Work instruction: Retype the data that follows line by line, exactly, and leave its pictures out.

(Recorded data Opens)

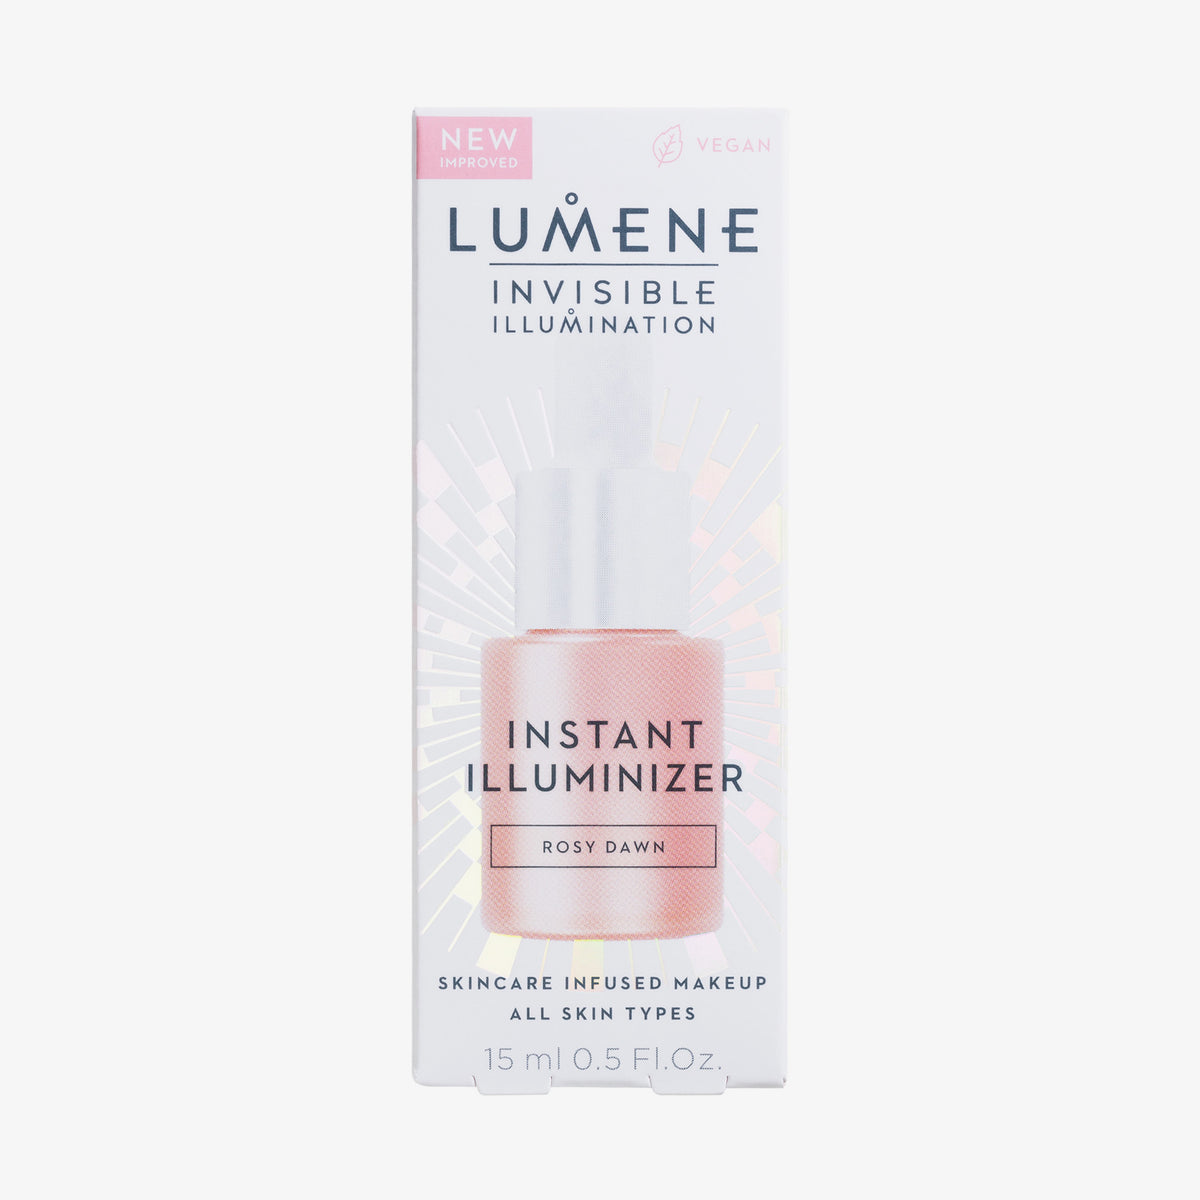 Lumene | INVISIBLE ILLUMINATION Illuminizer
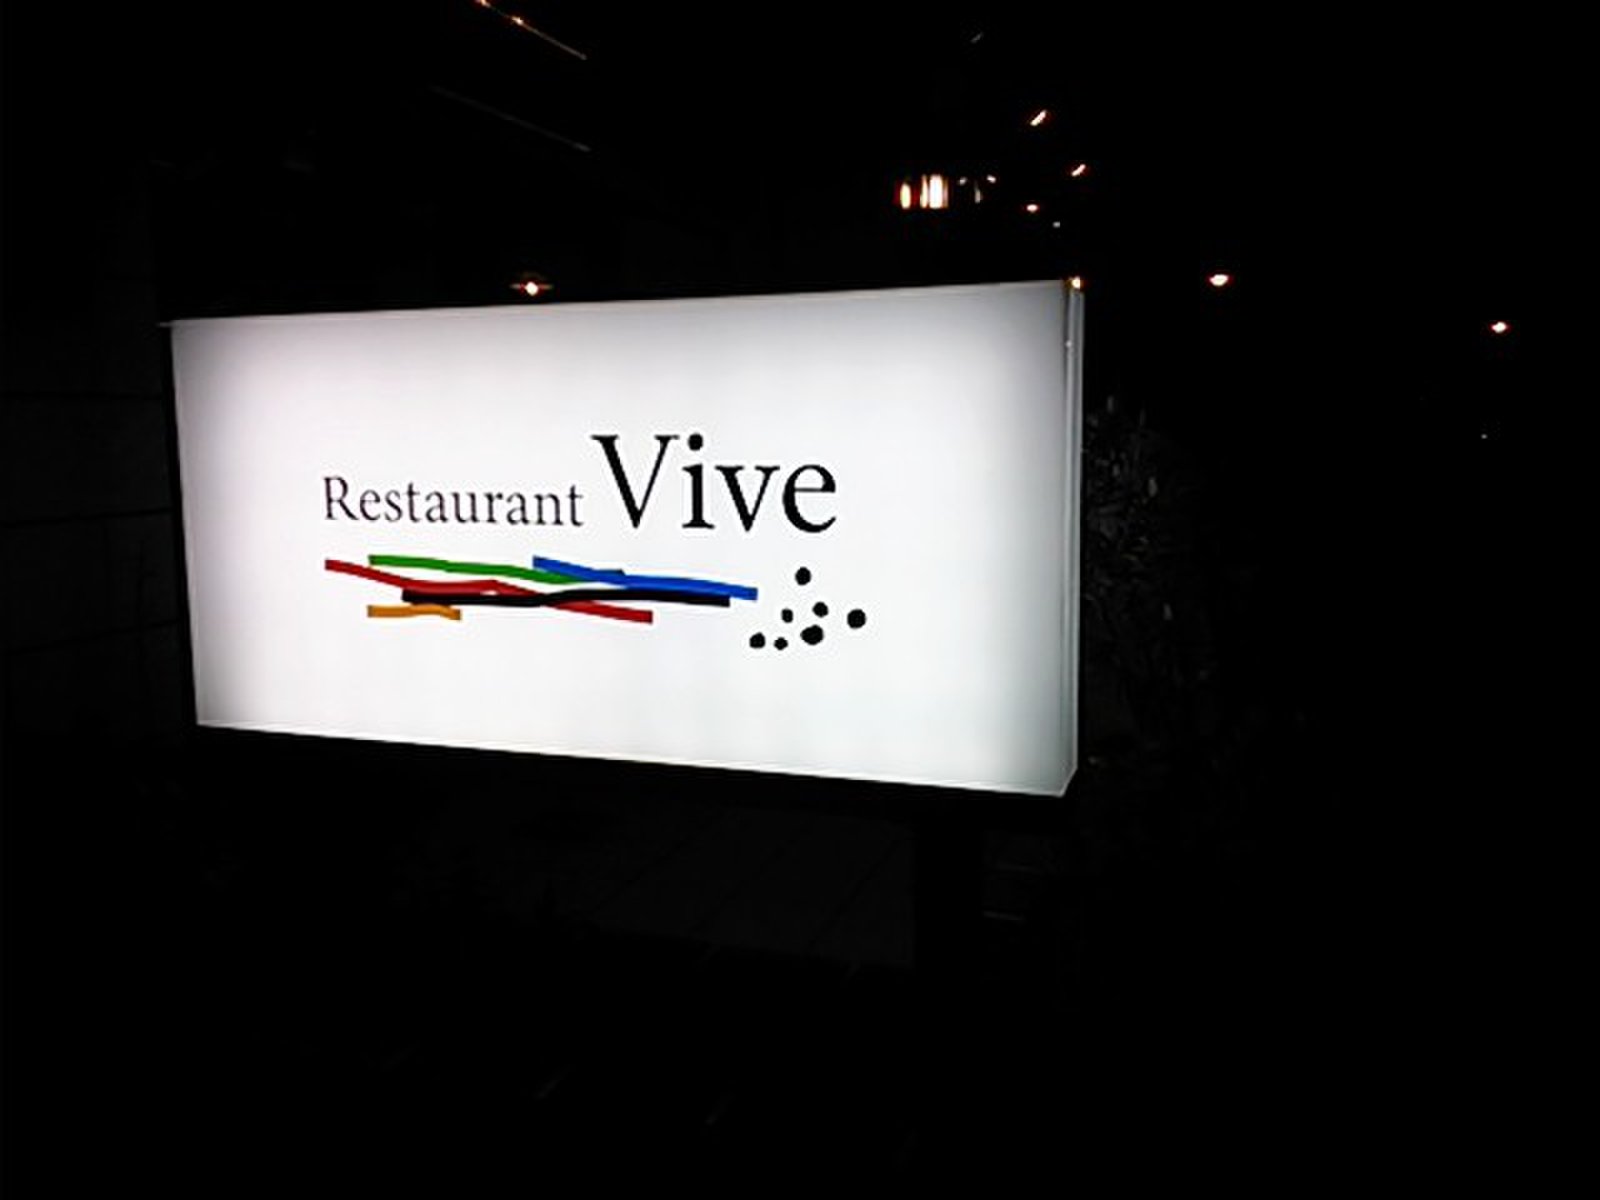 Restaurant Vive
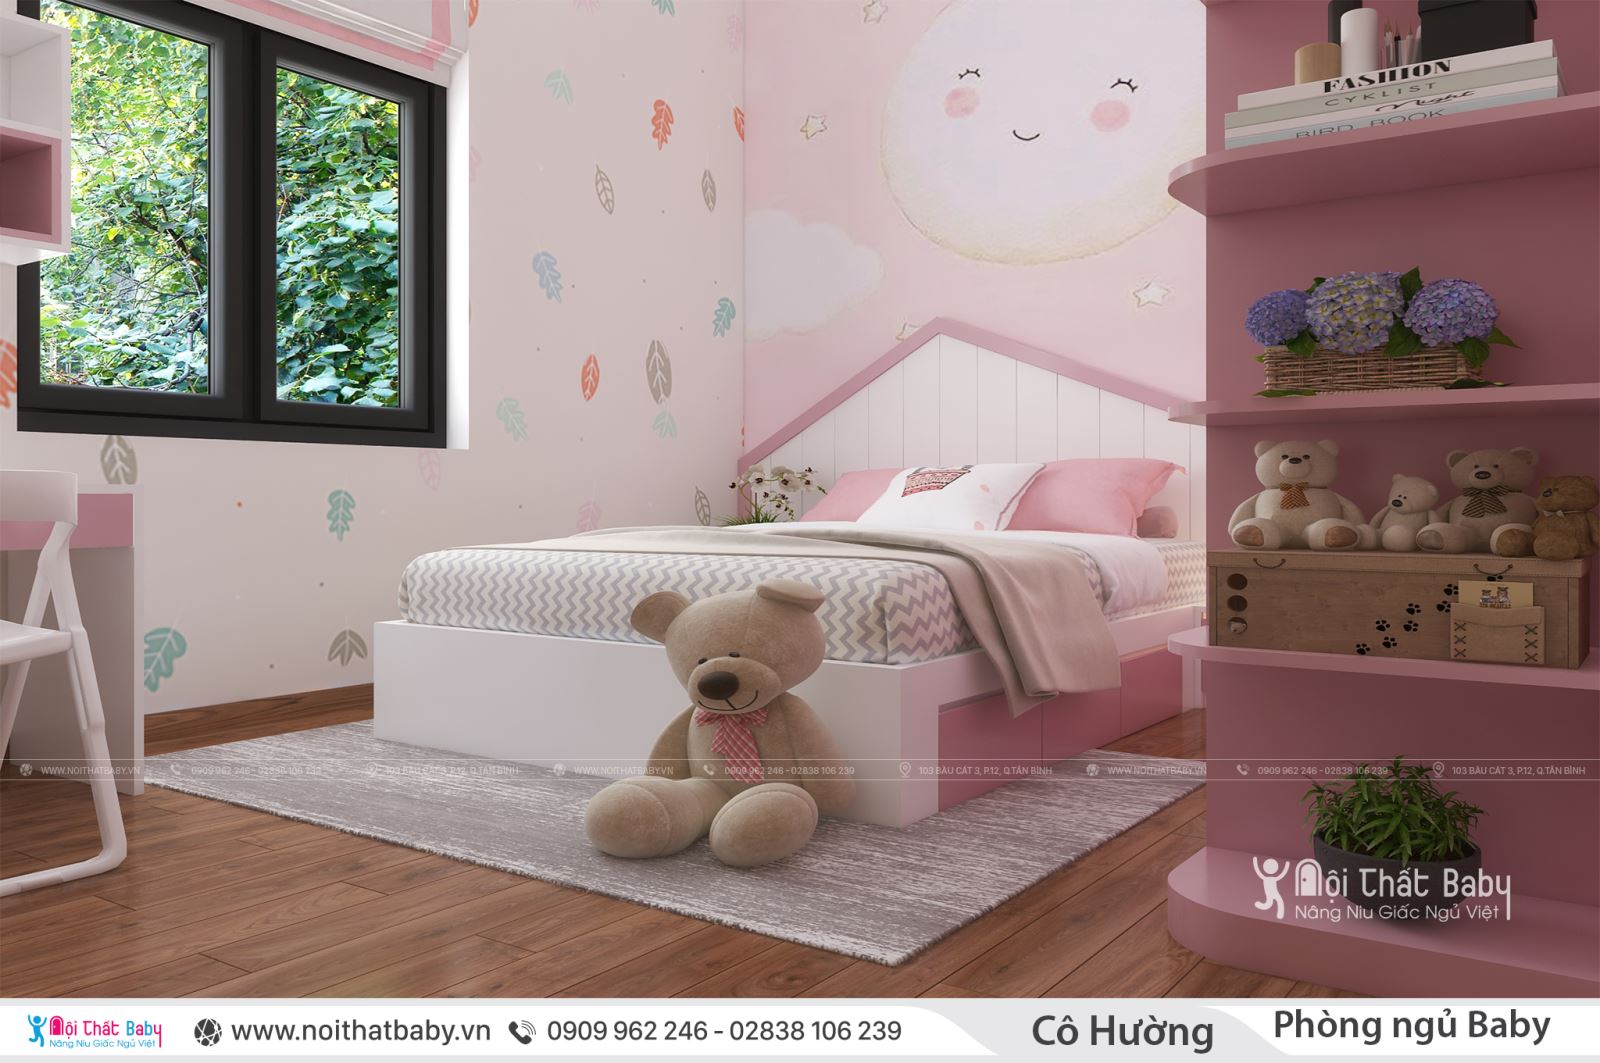 Những mẫu giường ngủ hình ngôi nhà cho baby của bạn
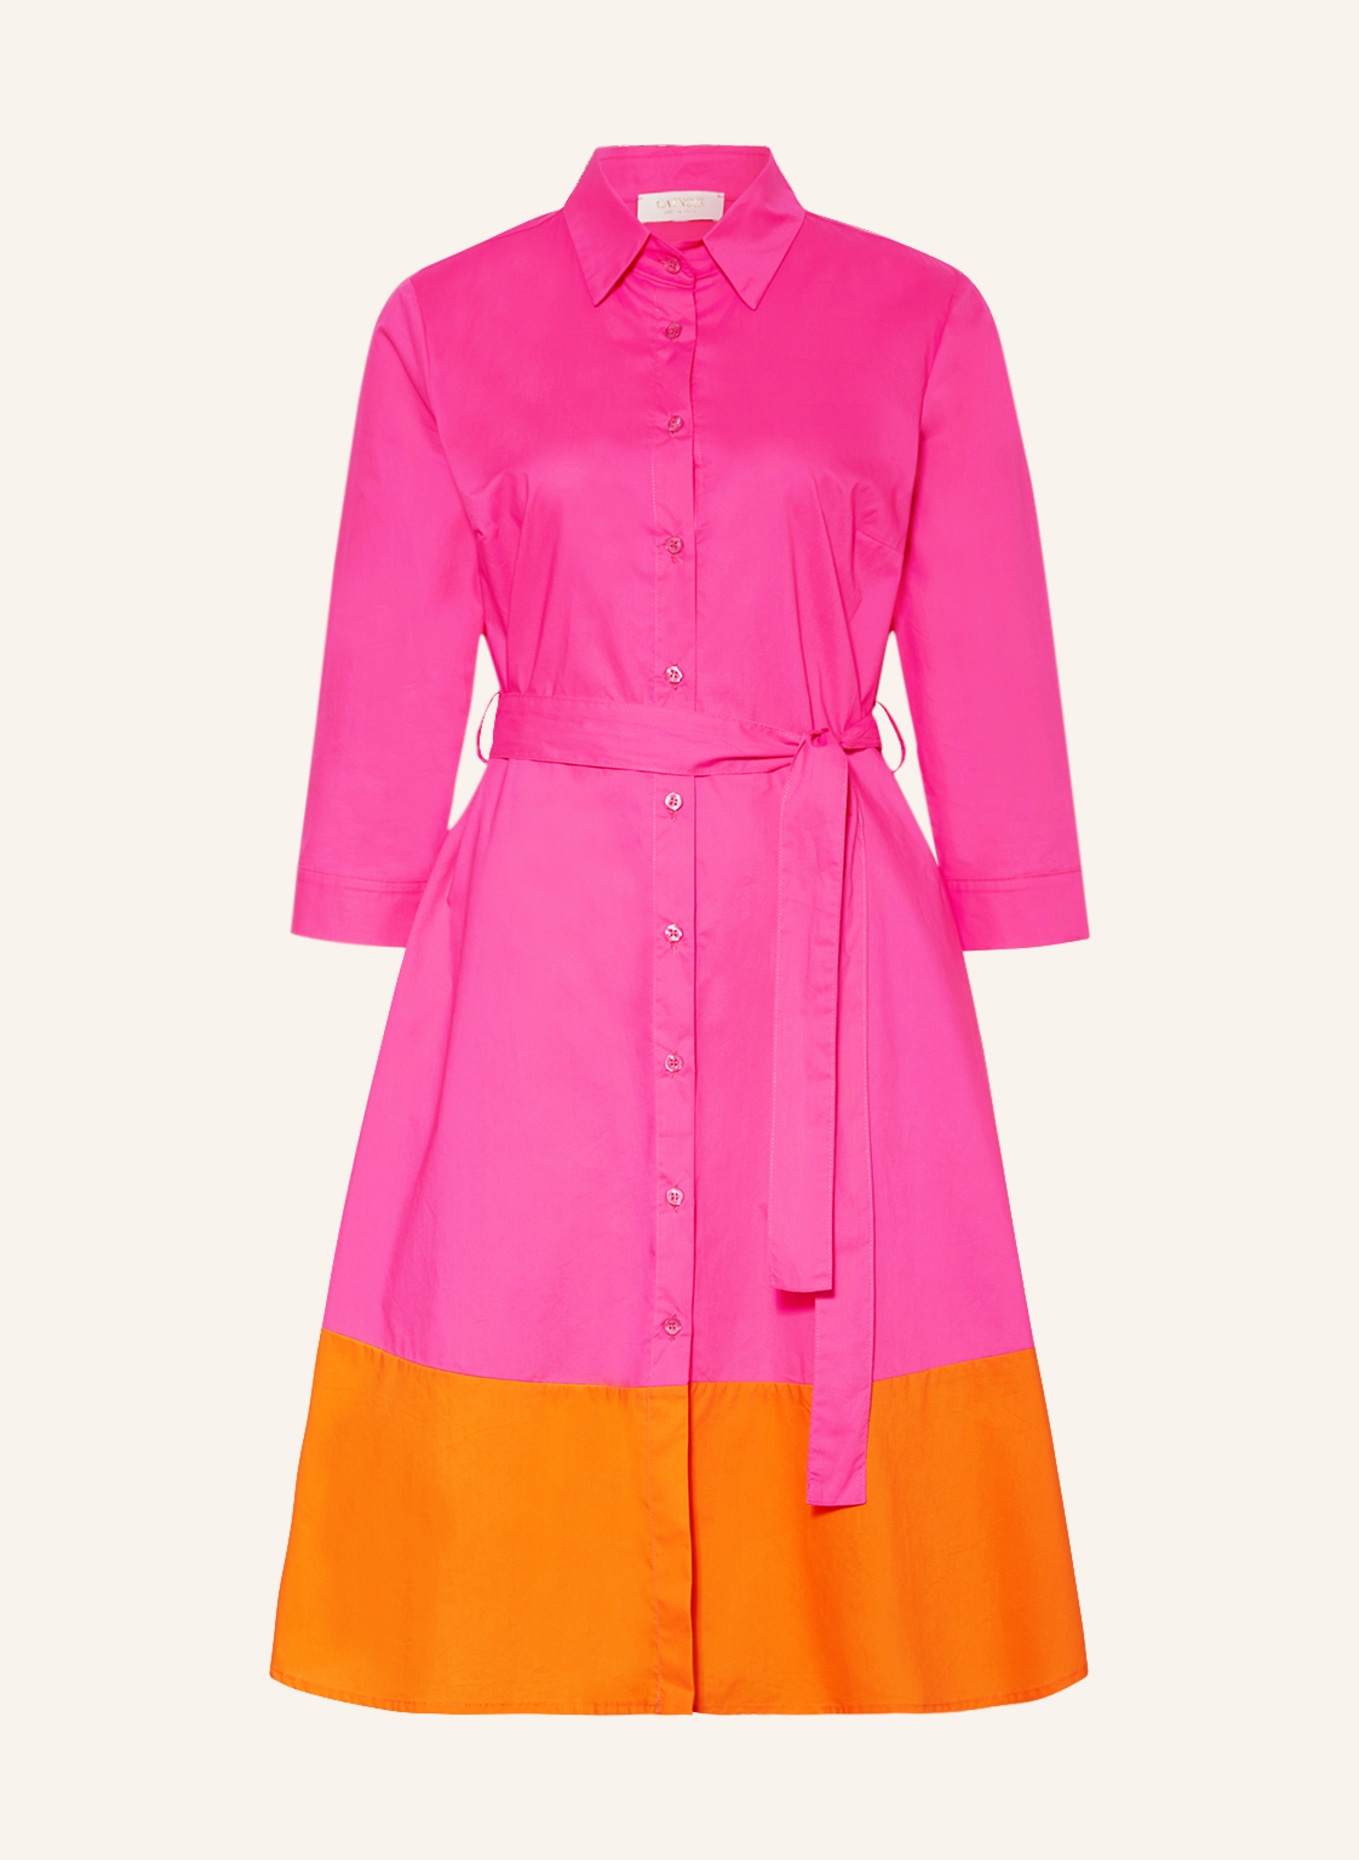 CATNOIR Hemdblusenkleid mit 3/4-Arm, Farbe: PINK/ ORANGE (Bild 1)

(Recorded data Closes)

Response:
 Lumene | INVISIBLE ILLUMINATION Illuminizer
 Restaurant Vive
 Những mẫu giường ngủ hình ngôi nhà cho baby của bạn
 CATNOIR Hemdblusenkleid mit 3/4-Arm, Farbe: PINK/ ORANGE (Bild 1)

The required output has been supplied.